Профессор Тимо Вихавайнен полагает, что “мощный переворот при переходе соседа к социализму” не вызвал у Финляндии особого внимания. Даже “наивные левые идеалисты” верили в то, что в Советском Союзе царит плюрализм культур[111]. То же наблюдение делает и Снайдер, утверждая, что “зачистка кулаков прошла для Европы незамеченной”[112].
Как бы там ни было, после шока Большого террора, “второй большевистской революции”, мир переменился. Обновлялся и состав элиты – теперь у власти нужна была молодежь, выросшая и получившая образование после революции – примерно брежневская возрастная группа, никогда не жившая за пределами СССР и даже не выезжавшая.

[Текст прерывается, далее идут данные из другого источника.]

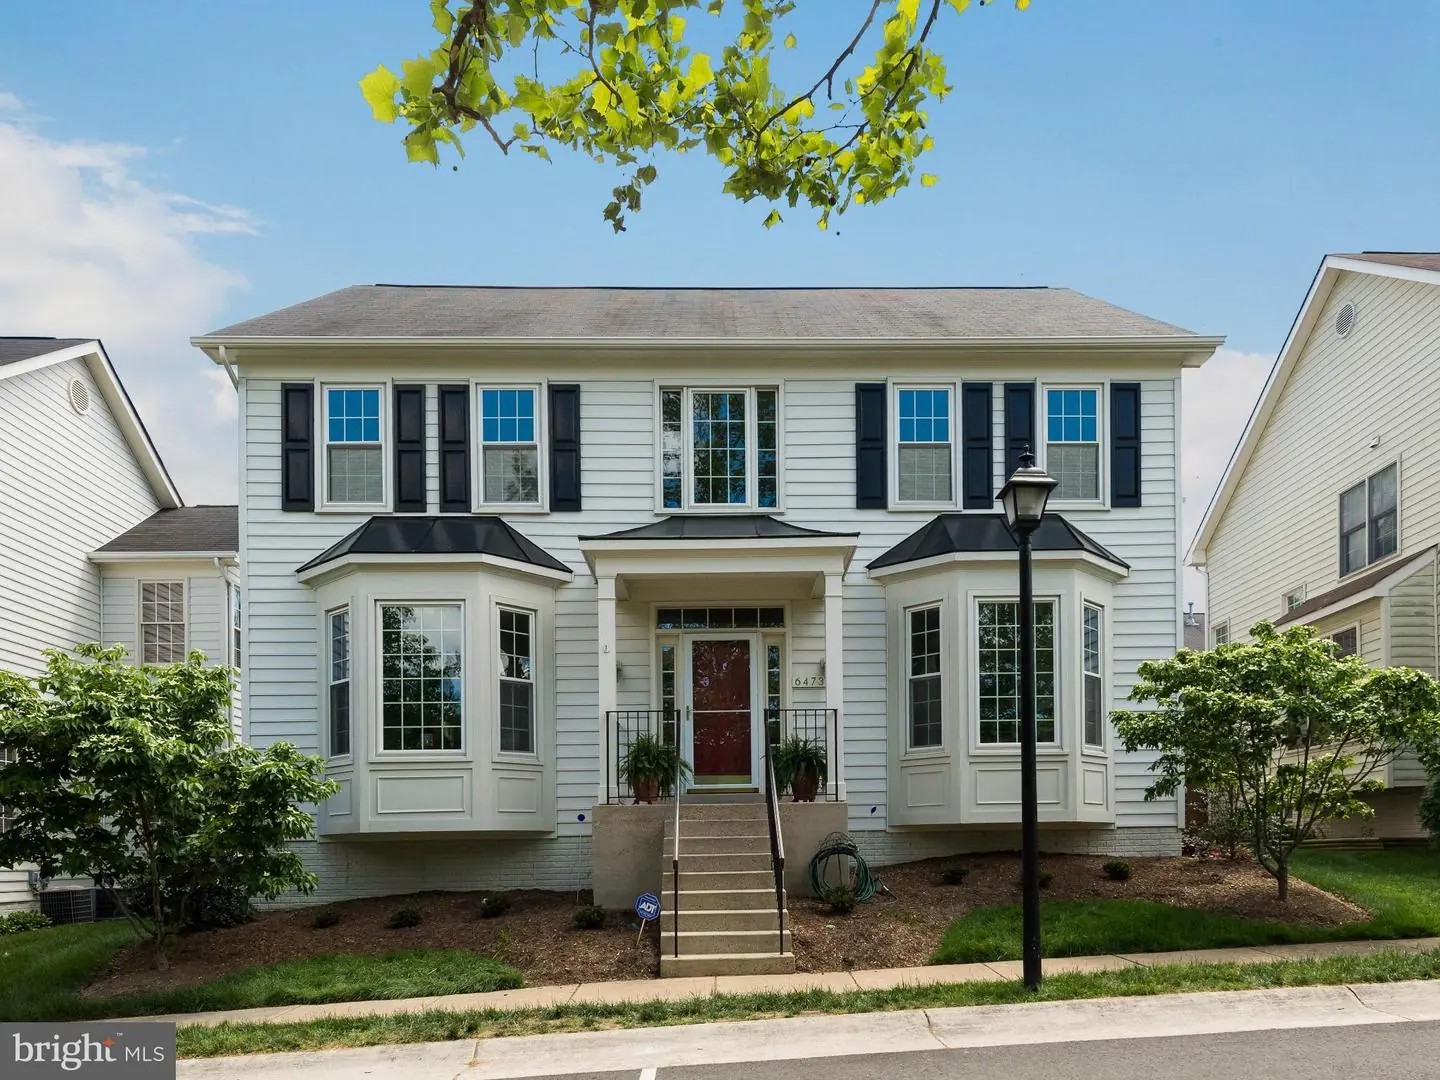 1002166507-121242701193-2021-09-05-22-36-58  |  Windy Hill At Lincolnia | Alexandria Delaware Real Estate For Sale | MLS# 1002166507  - Best of Northern Virginia
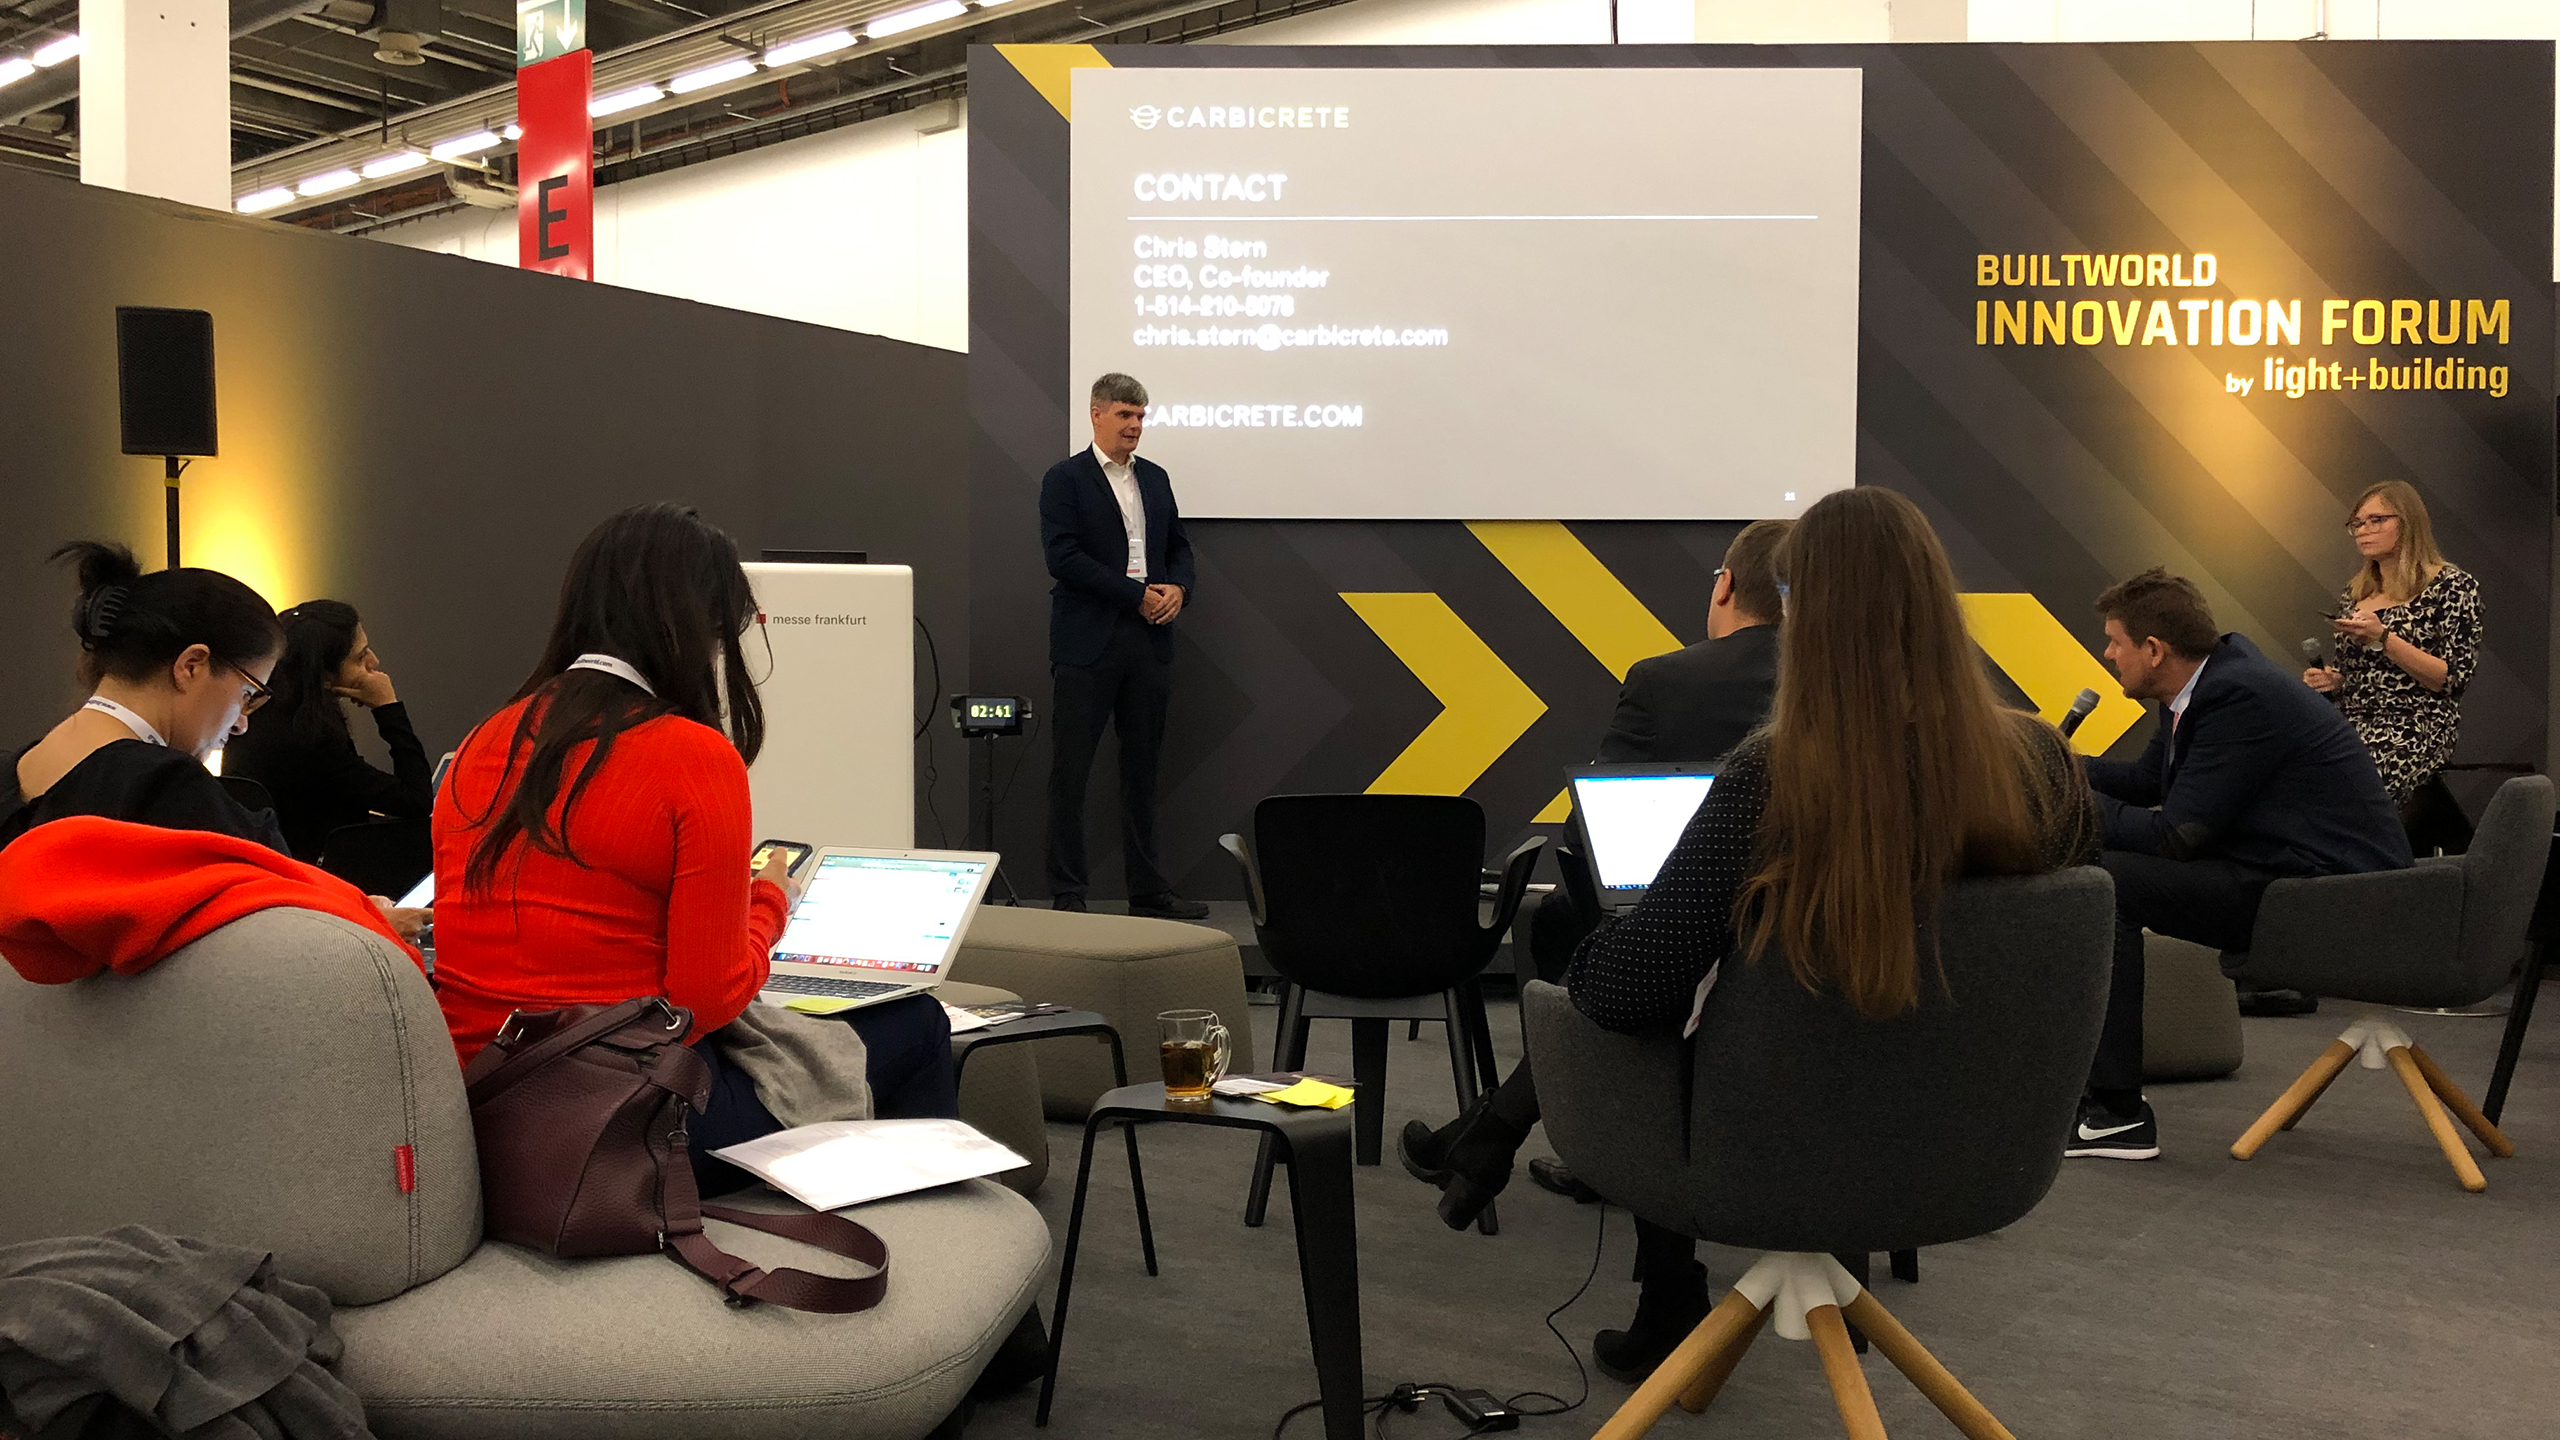 Builtworld Construction Innovation Contest: The two-day prepitch in hall 9.0 of Messe Frankfurt brought together jurors from the best-known established companies in the real estate and construction sectors as well as building technology. (Source: Messe Frankfurt / EBU 62 2019)

Немецкий историк Карл Шлегель, посвятивший России серьезное исследование, считает, что Михаилу Булгакову удалось описать Большой террор недоступным для исторической науки способом. Беспорядочный распад всего стабильного становится у Булгакова “фантастическим реализмом”. Речь идет о романе “Мастер и Маргарита”, в котором фантастическое – обратная сторона реального, а сценой для всего этого служит охваченная Большим террором Москва.
В изображаемой Шлегелем Москве воссоздаются обычаи и ритуалы, бывшие в ходу. Карты города и адресные книги исчезают, чтобы снова стать открытыми для публичного доступа лишь в 1990-х. Славных героев встречают овациями и осыпают конфетти по примеру нью-йоркских ticker tape parade[113]по пути из аэропорта или с железнодорожного вокзала на Красную площадь. Похороны Ленина и Кирова также производят впечатление специально воссозданной церемонии Lit de parade [114], во время которой власть и народ отдают прощальный поклон товарищу, лежащему на смертном одре в открытом гробу в Колонном зале Дома союзов[115].